___ STUDY MATERIAL ___
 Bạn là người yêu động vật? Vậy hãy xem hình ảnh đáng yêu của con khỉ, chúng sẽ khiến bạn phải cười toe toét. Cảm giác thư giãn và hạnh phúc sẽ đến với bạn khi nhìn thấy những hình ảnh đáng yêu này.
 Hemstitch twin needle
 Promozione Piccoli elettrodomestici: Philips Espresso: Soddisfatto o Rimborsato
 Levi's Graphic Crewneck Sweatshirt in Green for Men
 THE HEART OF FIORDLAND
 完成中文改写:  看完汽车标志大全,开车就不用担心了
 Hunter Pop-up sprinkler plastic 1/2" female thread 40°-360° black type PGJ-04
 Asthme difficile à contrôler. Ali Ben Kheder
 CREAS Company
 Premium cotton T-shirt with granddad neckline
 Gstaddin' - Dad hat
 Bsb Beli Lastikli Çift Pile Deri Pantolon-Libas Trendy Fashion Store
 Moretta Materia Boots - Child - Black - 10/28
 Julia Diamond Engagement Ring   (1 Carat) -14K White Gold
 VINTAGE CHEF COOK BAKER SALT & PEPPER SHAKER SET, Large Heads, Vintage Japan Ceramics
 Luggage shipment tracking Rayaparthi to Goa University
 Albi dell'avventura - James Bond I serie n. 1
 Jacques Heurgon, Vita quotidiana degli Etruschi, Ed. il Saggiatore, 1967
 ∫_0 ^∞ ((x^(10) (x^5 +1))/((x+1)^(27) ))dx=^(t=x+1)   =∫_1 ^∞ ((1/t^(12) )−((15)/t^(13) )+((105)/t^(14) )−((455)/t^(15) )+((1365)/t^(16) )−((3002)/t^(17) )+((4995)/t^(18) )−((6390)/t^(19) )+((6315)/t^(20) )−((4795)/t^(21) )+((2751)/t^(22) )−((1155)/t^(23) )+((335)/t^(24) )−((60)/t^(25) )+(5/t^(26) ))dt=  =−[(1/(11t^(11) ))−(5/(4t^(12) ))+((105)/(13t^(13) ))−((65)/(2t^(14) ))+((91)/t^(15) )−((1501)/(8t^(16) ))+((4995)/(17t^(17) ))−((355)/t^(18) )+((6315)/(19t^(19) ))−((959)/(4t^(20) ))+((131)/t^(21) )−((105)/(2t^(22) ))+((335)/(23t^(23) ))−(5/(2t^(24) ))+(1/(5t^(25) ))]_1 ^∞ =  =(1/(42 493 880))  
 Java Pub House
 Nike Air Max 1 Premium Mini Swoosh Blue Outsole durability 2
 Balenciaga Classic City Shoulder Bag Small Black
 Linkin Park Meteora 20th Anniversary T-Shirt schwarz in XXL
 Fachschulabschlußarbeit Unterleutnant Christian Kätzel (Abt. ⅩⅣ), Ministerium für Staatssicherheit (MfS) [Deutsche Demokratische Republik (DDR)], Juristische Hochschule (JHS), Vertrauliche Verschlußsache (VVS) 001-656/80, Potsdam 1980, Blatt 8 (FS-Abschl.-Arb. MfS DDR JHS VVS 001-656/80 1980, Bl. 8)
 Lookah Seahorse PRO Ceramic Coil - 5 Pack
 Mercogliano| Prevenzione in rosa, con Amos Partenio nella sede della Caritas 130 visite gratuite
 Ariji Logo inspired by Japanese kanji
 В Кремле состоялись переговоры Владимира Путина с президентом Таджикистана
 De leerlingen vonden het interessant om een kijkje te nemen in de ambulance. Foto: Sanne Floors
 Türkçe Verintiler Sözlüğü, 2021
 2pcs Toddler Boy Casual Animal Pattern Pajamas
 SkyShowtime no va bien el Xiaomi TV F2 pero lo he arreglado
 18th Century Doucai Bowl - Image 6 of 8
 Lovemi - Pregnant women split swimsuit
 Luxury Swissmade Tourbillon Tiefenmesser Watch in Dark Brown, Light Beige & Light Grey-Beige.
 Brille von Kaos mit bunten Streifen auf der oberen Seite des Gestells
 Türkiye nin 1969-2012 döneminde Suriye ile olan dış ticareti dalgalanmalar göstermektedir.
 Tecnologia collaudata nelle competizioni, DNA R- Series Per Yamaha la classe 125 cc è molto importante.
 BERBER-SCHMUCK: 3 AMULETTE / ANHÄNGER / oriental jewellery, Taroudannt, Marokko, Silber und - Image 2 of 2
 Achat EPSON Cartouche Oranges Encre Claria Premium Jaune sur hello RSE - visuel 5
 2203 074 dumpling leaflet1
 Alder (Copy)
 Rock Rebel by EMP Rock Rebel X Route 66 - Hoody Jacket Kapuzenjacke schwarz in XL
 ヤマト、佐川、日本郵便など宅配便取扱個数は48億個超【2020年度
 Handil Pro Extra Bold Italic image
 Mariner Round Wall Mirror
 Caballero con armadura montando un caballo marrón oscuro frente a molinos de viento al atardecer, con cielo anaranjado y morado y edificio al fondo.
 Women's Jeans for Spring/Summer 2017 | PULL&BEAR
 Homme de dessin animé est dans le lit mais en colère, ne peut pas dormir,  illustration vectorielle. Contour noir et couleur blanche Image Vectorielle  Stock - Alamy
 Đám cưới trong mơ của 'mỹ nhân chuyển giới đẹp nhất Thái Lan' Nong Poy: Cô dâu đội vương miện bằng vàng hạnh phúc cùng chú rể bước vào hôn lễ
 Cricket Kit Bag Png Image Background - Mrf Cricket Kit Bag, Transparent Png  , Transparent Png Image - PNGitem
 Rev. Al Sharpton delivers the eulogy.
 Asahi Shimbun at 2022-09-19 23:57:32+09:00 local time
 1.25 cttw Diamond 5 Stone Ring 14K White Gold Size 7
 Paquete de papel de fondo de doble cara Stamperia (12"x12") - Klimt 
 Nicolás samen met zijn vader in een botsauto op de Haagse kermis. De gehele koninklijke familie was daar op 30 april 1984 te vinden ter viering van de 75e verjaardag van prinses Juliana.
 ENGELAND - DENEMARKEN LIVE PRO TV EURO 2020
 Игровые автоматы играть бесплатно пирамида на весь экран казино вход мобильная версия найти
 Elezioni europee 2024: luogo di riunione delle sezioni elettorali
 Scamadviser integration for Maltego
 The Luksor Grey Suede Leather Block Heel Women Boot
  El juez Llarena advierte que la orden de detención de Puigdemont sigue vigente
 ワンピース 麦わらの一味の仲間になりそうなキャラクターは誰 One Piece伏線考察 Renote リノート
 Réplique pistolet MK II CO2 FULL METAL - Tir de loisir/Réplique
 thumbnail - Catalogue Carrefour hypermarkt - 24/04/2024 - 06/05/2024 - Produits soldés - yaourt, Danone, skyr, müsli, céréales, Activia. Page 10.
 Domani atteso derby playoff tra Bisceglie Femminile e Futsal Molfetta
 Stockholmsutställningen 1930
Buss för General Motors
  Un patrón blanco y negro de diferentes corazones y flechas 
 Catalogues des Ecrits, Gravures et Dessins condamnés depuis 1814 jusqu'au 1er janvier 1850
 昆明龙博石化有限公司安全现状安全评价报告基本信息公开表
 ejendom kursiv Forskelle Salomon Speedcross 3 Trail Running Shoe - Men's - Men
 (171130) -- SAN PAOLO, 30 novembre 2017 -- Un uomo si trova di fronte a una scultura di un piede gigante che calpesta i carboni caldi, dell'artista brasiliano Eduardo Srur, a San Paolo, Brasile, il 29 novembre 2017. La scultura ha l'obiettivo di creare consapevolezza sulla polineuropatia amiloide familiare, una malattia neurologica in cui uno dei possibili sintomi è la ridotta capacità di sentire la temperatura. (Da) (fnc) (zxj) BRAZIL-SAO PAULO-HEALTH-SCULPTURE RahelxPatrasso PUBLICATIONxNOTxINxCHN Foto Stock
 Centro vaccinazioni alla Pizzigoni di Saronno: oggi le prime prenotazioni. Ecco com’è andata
___
• _TASK DESCRIPTION_:
Look through the data above and return exactly the lines from the one that contains "Türkiye nin 1969-2012" to the one that contains "Alder (Copy)", inclusive, with nothing else.

• _COMPLETED EXERCISE_:
 Türkiye nin 1969-2012 döneminde Suriye ile olan dış ticareti dalgalanmalar göstermektedir.
 Tecnologia collaudata nelle competizioni, DNA R- Series Per Yamaha la classe 125 cc è molto importante.
 BERBER-SCHMUCK: 3 AMULETTE / ANHÄNGER / oriental jewellery, Taroudannt, Marokko, Silber und - Image 2 of 2
 Achat EPSON Cartouche Oranges Encre Claria Premium Jaune sur hello RSE - visuel 5
 2203 074 dumpling leaflet1
 Alder (Copy)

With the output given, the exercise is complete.